Thursday, 18 September 2008

why bother

I wanted to update last night, but suffered an injury to my wrist (caused by Jake, my dog) - and typing was painful. I kept an ice pack on for hours, so typing was also a bit well, wet - and today while my wrist is a bit stiff, and still swollen and obviously bruised - typing doesn't hurt that bad. I get a few twinges, but given it felt like it had been broken last night - today is good.

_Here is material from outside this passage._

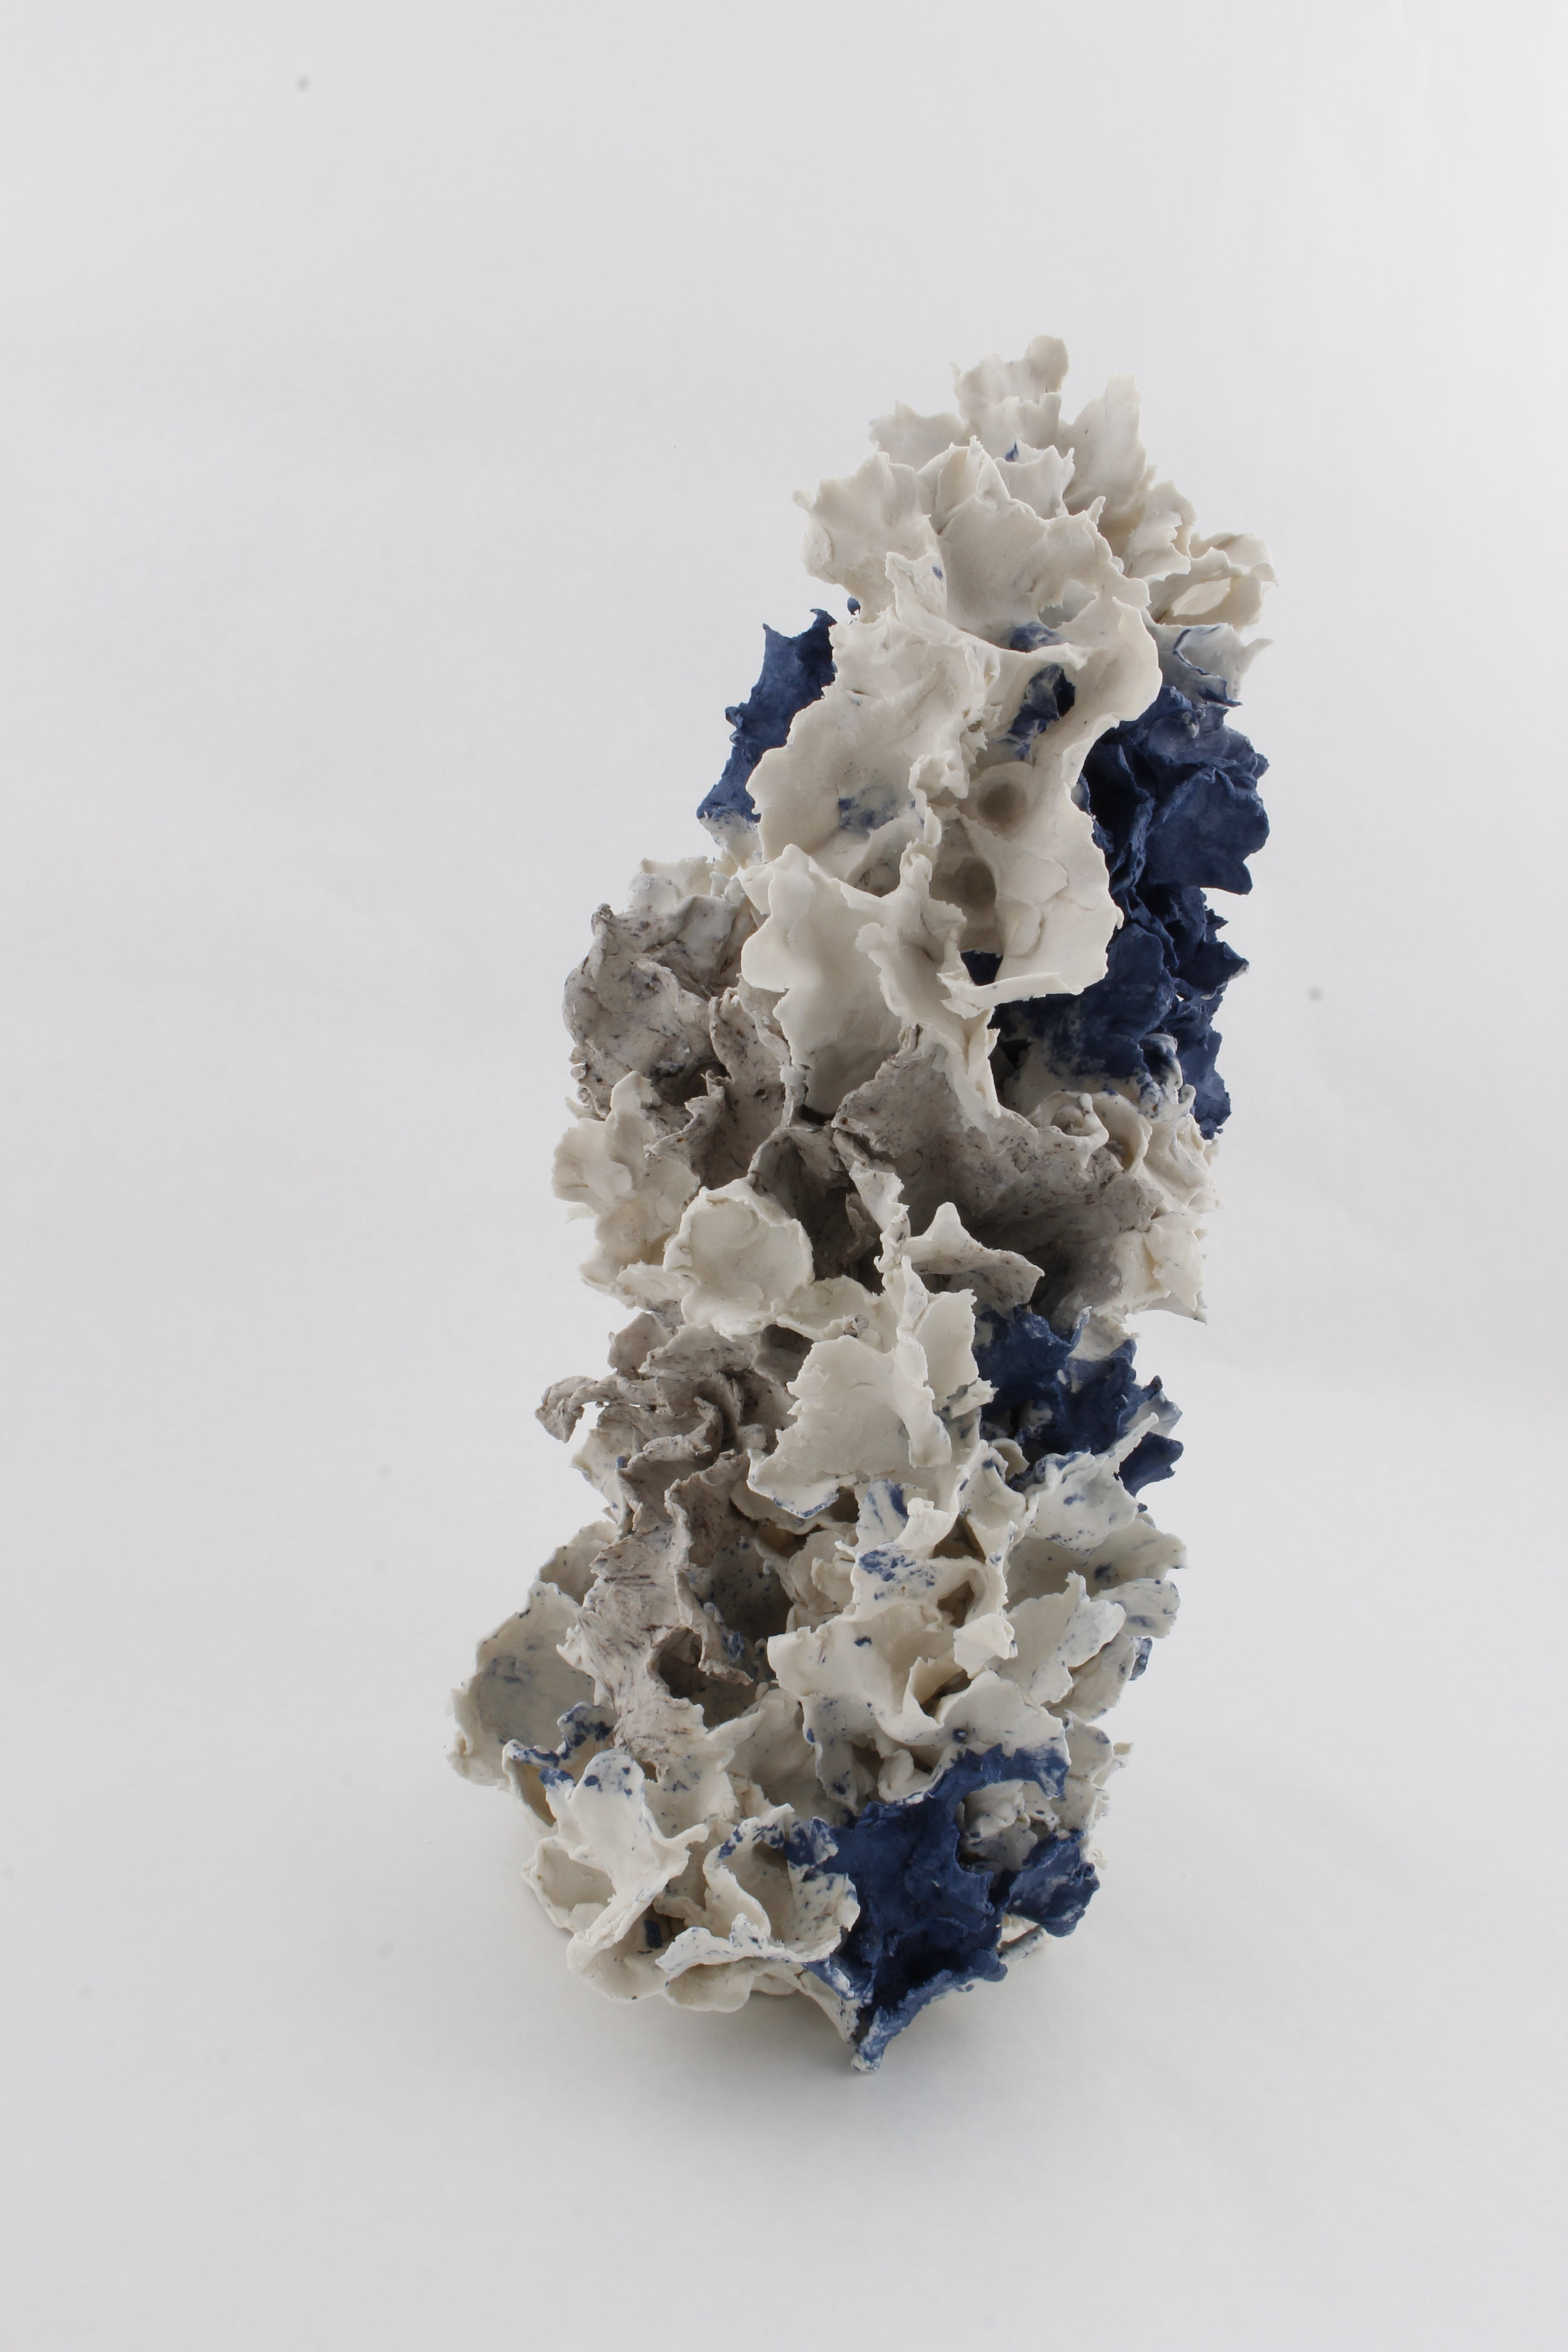  S imultaneous Growth , 2018. Paper clay, fire to cone 6, electric klin, 8 x 17 x 8 inch © Renqian Yang, courtesy Fou Gallery 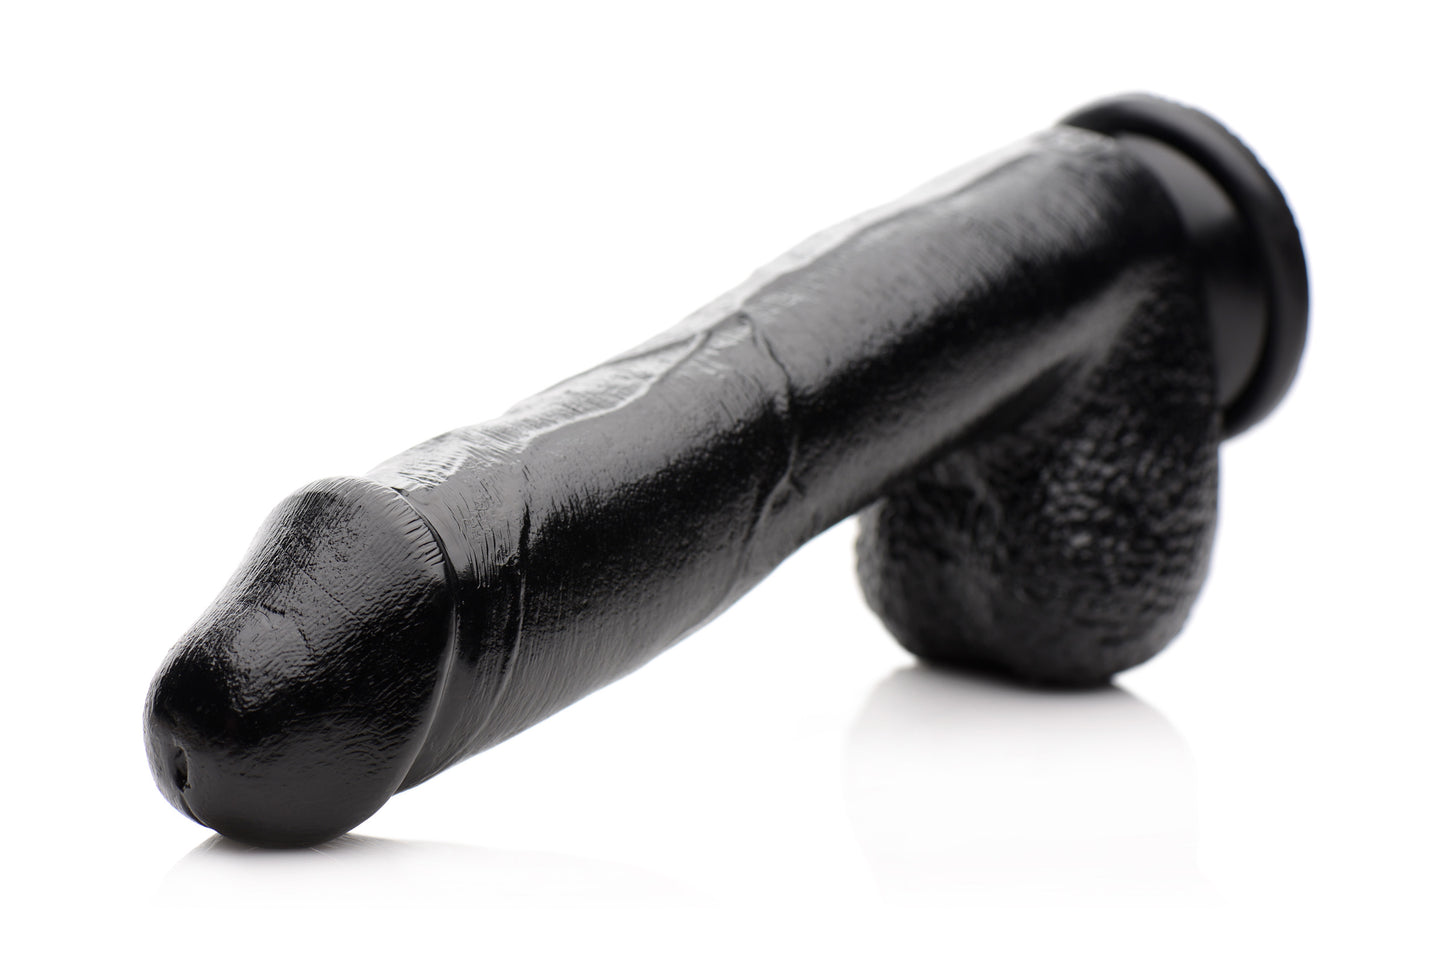 Mighty Midnight 10 Inch Dildo with Suction Cup - UABDSM

I slept all day today. I just couldn't wake up at all, patch kept knocking me out. I kept trying to wake up, but kept dropping back to sleep. When I finally did manage to stay awake, I came downstairs just in time for Mum to have mad turn. My Mum gets depressed, but she does nothing about it. She blames everyone else for everything, acts dreadfully towards us, in a really nasty way, then wants everything done for her. She has aches and pains and does nothing for it, at all. She wants to be an invalid, and then gets upset when we won't support her wanting to be an invalid, when she's not and can do things, she just doesn't want to. So after her sitting crying and blaming everyone for everything, she went to bed. At about 6pm. It wasn't worth getting up. Dad said she'd been looking for an excuse all day to go off on one. And I hate her when she's like that. And the problem is, if she ever has a real issue - she cries wolf so often, we'd never know.

So it's been miserable. I'm having multiple attacks per day, so really waking up isn't worthwhile. There's been good things (amazing things, wonderful things) this week. But RL is beating off me over the head, constantly.

Retail therapy has happened as well, my saving is going badly. I bought 5 cheap books and a DS game. I spent more than I wanted to. But fuck it, if I can buy some happiness, I'll buy it. I think I'm just buying escapism - games and books.

Anyways - I am of the opinion that life isn't worthwhile at the moment. I don't know how to fix it. I just want to go into a coma and wake up in a few years.